Sert bir şekilde "Ahsen!" Deyince yerimde dikleştim. 

"Çocuk mu var senin karşında?" Diye bağırdım sinirle. "Bağırıp durma bana!"

"Ben mi bağırıyorum sana?" Dedi ama bunu derken bile bağırıyordu. 

"Canım yemek falan istemiyor!" Dedim sinirle. Şu an gerçekten çok sinirliydim. "Tamam mı? Yemeyeceğim."

Konuşacakken işaret parmağımı ona doğru sallayarak ondan önce davrandım. "Ve sen bana ne yapmam gerektiğini söyleyemezsin. Ben canım isterse yerim, istemezse yerim. Ayrıca şuan hayatımda ki en büyük sorun bu değil." 
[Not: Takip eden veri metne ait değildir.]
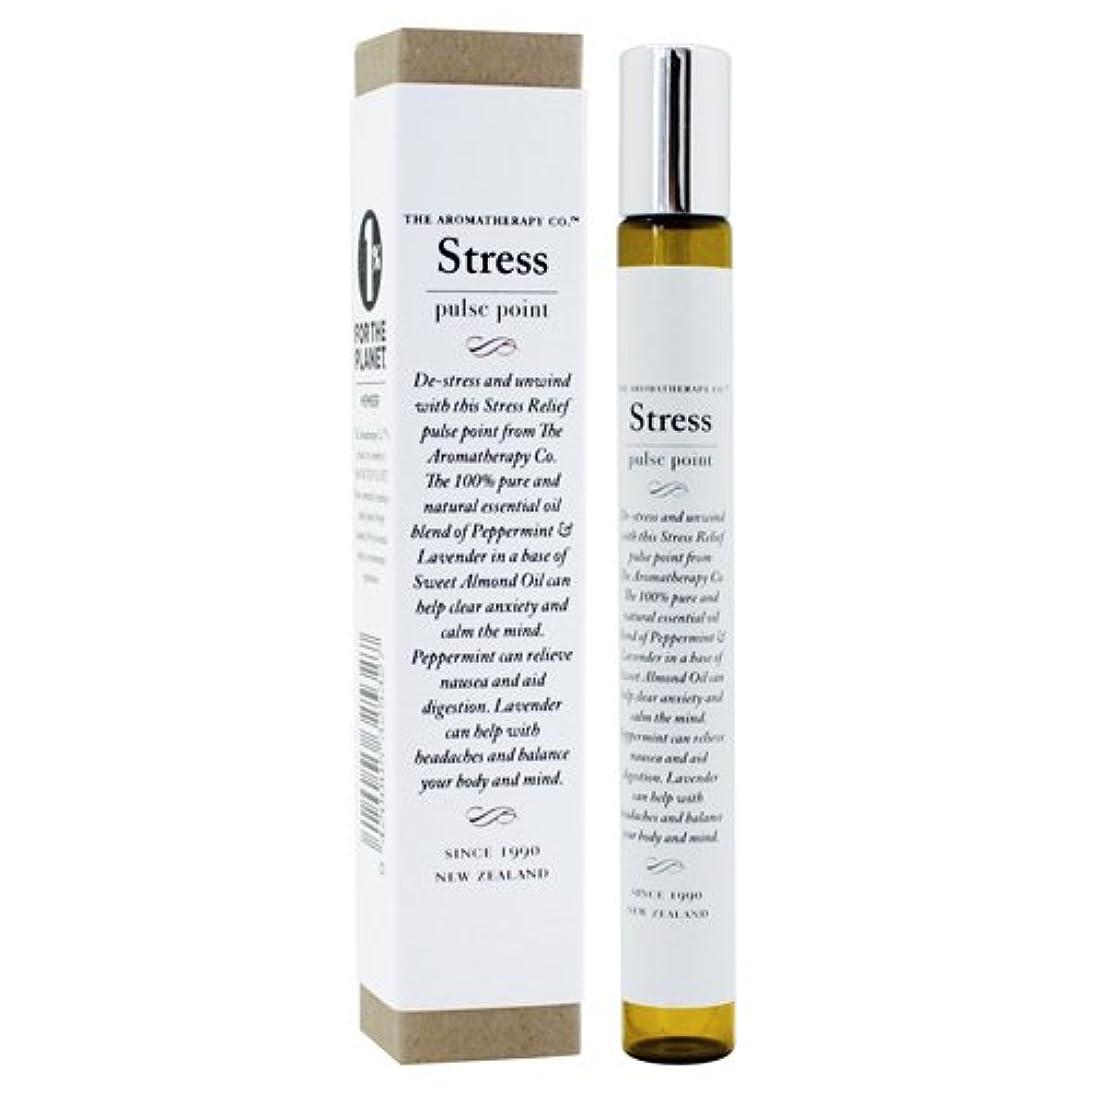 ナインへ激怒二Therapy Range セラピーレンジ Pulse Pointパルスポイント Stressストレス
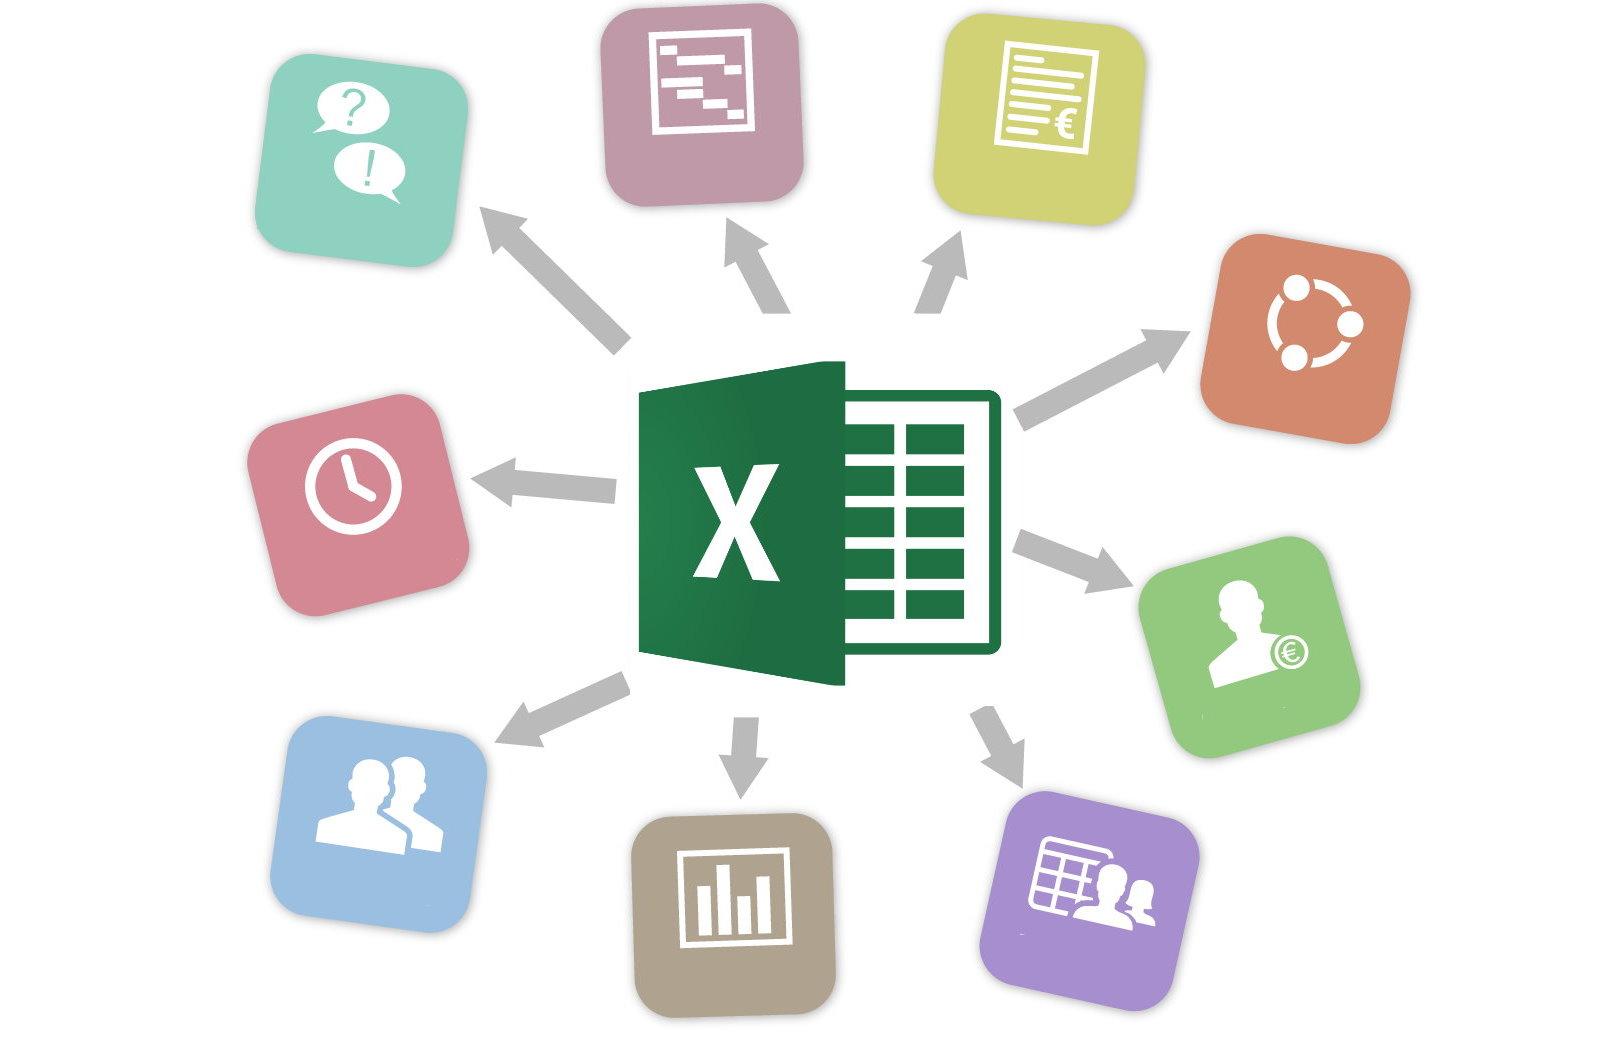 مدیریت پروژه در اکسل — راهنمای جامع و تصویری + مثال کاربردی

Kollarımı kaldırıp bileklerimi ona doğru uzattım. "Bak." Dedim. "Bunlar."

Başını hafifçe yana yatırıp bana baktı ve iç çekti.

"Sana ne yapman gerektiğini falan söylediğim yok." Dedi oldukça sakin ve naif bir ses tonuyla. "Sadece sana yardım etmeye çalışıyorum."

"Zorla yemek yedirerek mi?"

"Sana iyi hissettirmeye çalışarak."

"Sen bana iyi hissettirmeye falan çalışma Cahit." Dedim sertçe. "Çünkü hiç bir işe yaramıyor. Bak bu sargılar hala burada, yemek yediğimde gitmeyecek, yokmuş gibi davrandığımda gitmeyecek, kendimi iyi hissettiğim de de gitmeyecek!"

Sustuktan sonra sesli bir şekilde nefes aldım. 

Oflayarak kollarımı önümde duran masanın üzerine koydum ve ellerimi yüzüme kapattım. ,

"Kendimi çok kötü hissediyorum Cahit." Diye itiraf ettim. Bunun onunla bir alakası yoktu. Bu sinirim bana zorla yemek yedirmeye çalıştığı için değildi. 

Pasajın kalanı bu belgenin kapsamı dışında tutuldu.